Life sucks and then you die...
Mike Treder
2009-06-12 00:00:00



As an existentialist, I am committed to the recognition that most of life is suffering. To be born is to die, and to live is to experience pain and agony.

Only the tiniest fragment of humanity has ever been so fortunate as to "enjoy" life, even briefly. The vast majority of humans who have ever lived have perished in anonymity, their hopes, dreams, joys, passions, laughter, tears, toils, fears, and even names lost forever, abandoned to oblivion.

Where is the redemption in a world like that? Where is the logic? There is none, and mankind's long quest to find extrinsic meaning in life is a fool's errand.

However, as Pee-wee Herman once said, everyone has a big BUT. In this case, the big but is that we don't have to accept things as they are. Indeed, the whole history of humankind is that we take arms against a sea of troubles: we resist the inevitable, defy the obvious, and take solace in the belief that we can make things better.

First, we tame fire. Then, we stop chasing food and corral it. We create writing, build cities, enact laws. We invent printing, devise the scientific method, shun superstition, and practice medicine. We recognize human rights, outlaw slavery, enfranchise everyone, and promote tolerance.

But that's not all. After subduing nature and trampling so much of her beauty, we gain a dawning awareness that having dominion over the Earth is maybe not such a good idea after all. Playing nice with Gaia might in the long run turn out better.

So, we renounce our profligate ways, look toward renewable sources of energy and sustainable lifestyles, and seek to make amends for the great damage we have done. We are growing, maturing, taking responsibility for our actions and attitudes.

All this is good and commendable. We may yet deserve our self-claimed label of homo sapiens -- "wise man" -- although we have a long way to go.


There's only one big problem, namely that "life sucks and then you die." It still sucks for most of us, and we still all die!

But, aha, it doesn't have to be that way.

If we have proven anything in the last 10,000 years of advancing civilization, and especially in the last 300 years of the scientific era, we have shown an ability -- indeed a compulsion -- to kick against the pricks, no matter how painful that might be, until we break free from whatever bonds held us down. We will not be satisfied with the status quo. Life can be better, and we can make it so.

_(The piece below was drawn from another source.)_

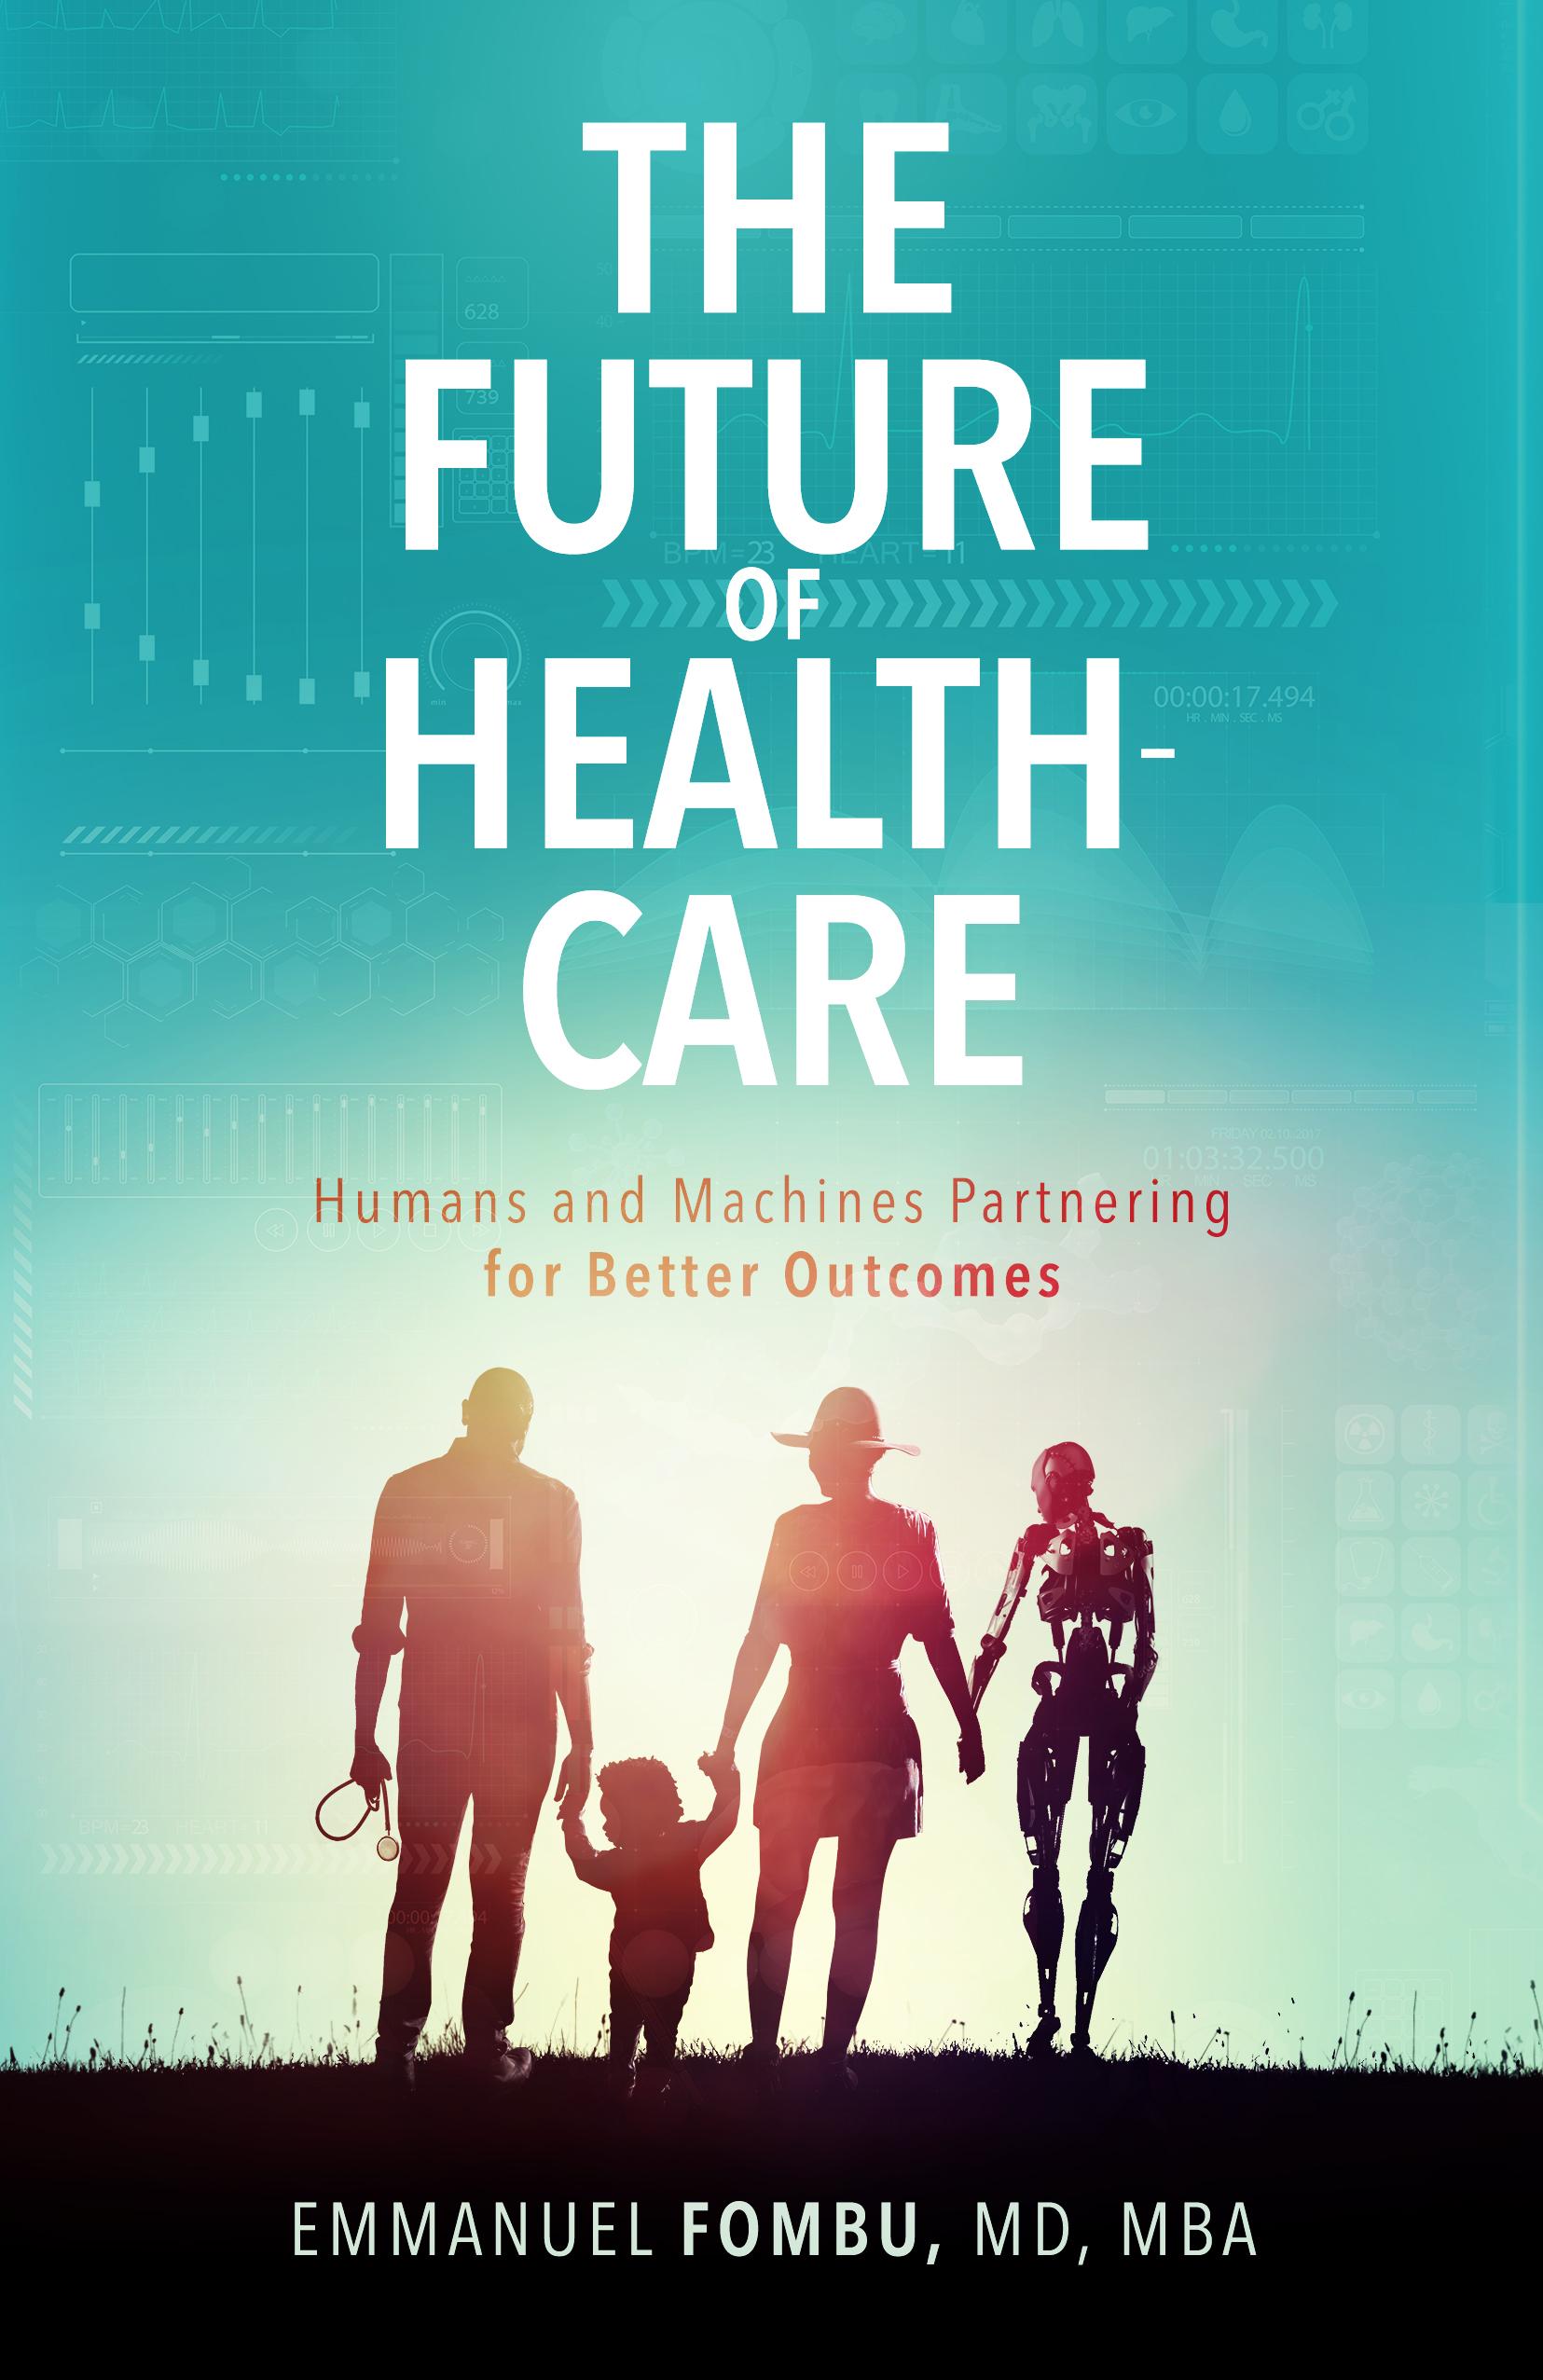 Emmanuel Fombu - The Future of Healthcare.jpg
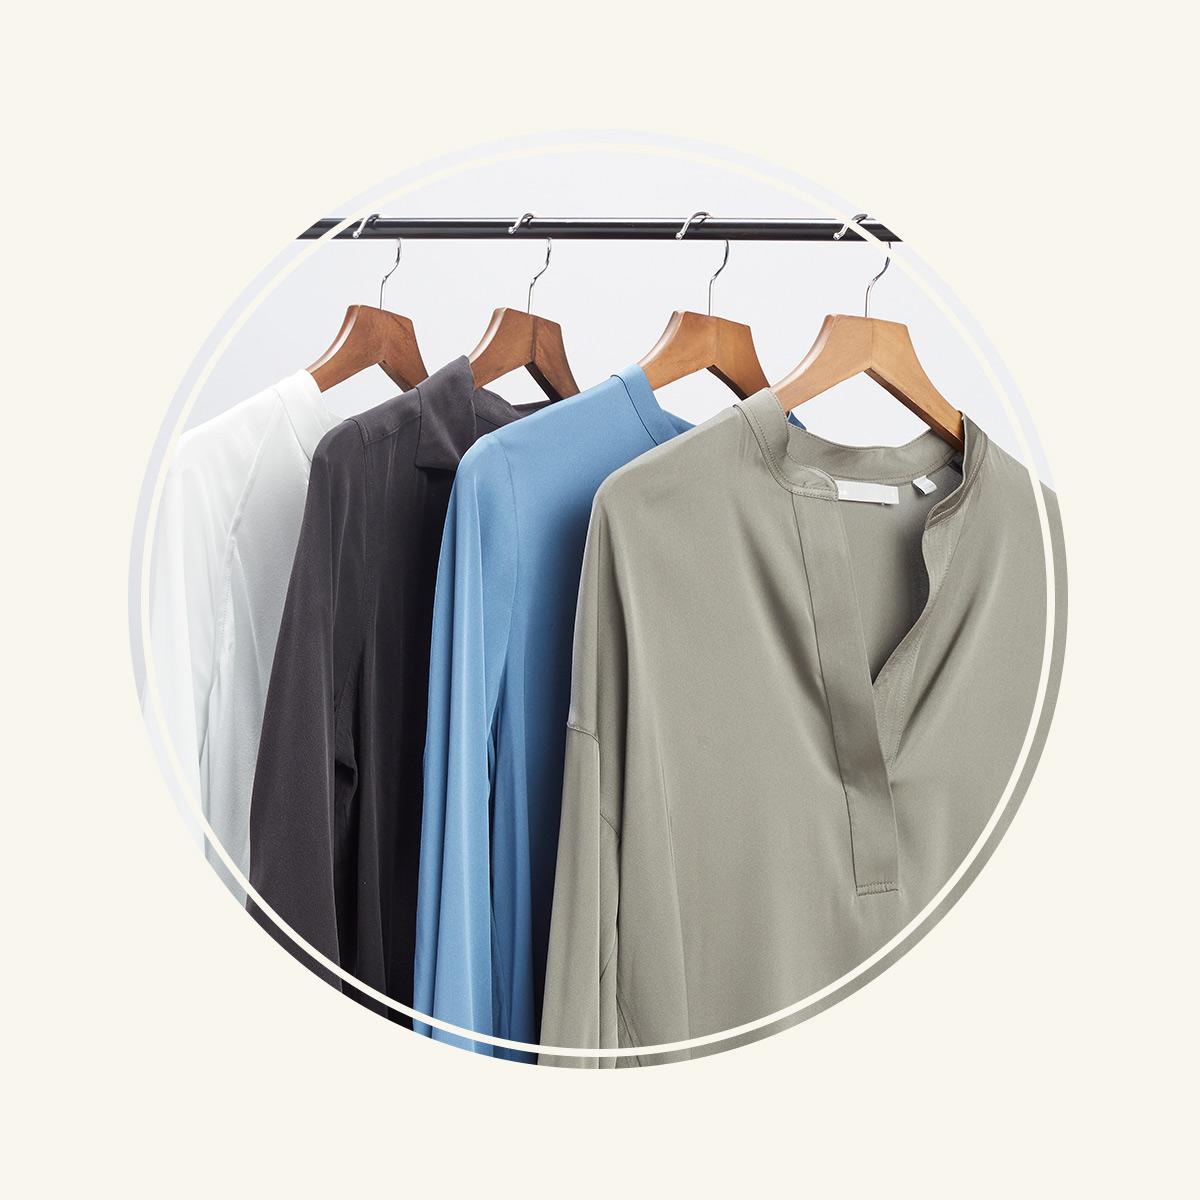 silk blouses on hangers

We can have more freedom, more equality, more solidarity. We can do more to reduce suffering, increase education, and provide abundant opportunities for all. We can use our intelligence, our creativity, our learning, and our technology to improve on things as they are. We can, we must, and we will.

Today we are finally approaching the very real potential of overcoming the greatest limitations that existence has placed upon us. We are beginning to see the glimmers of significant life extension, of healthspans that could cover centuries, if not eons. Our rapidly accelerating technological prowess may soon enable substantial reengineering of the human condition and such radical augmentation of our bodies and ourselves that we may no longer be recognizably human, but will have attained a state of transhumanity or even posthumanity.

This is the technoprogressive ideal: that we take responsibility and make ourselves better than we are, the best that we can be, not only for ourselves but for all our human sisters and brothers and for all our earthly flora and fauna relatives. E pluribus optimus, if you will.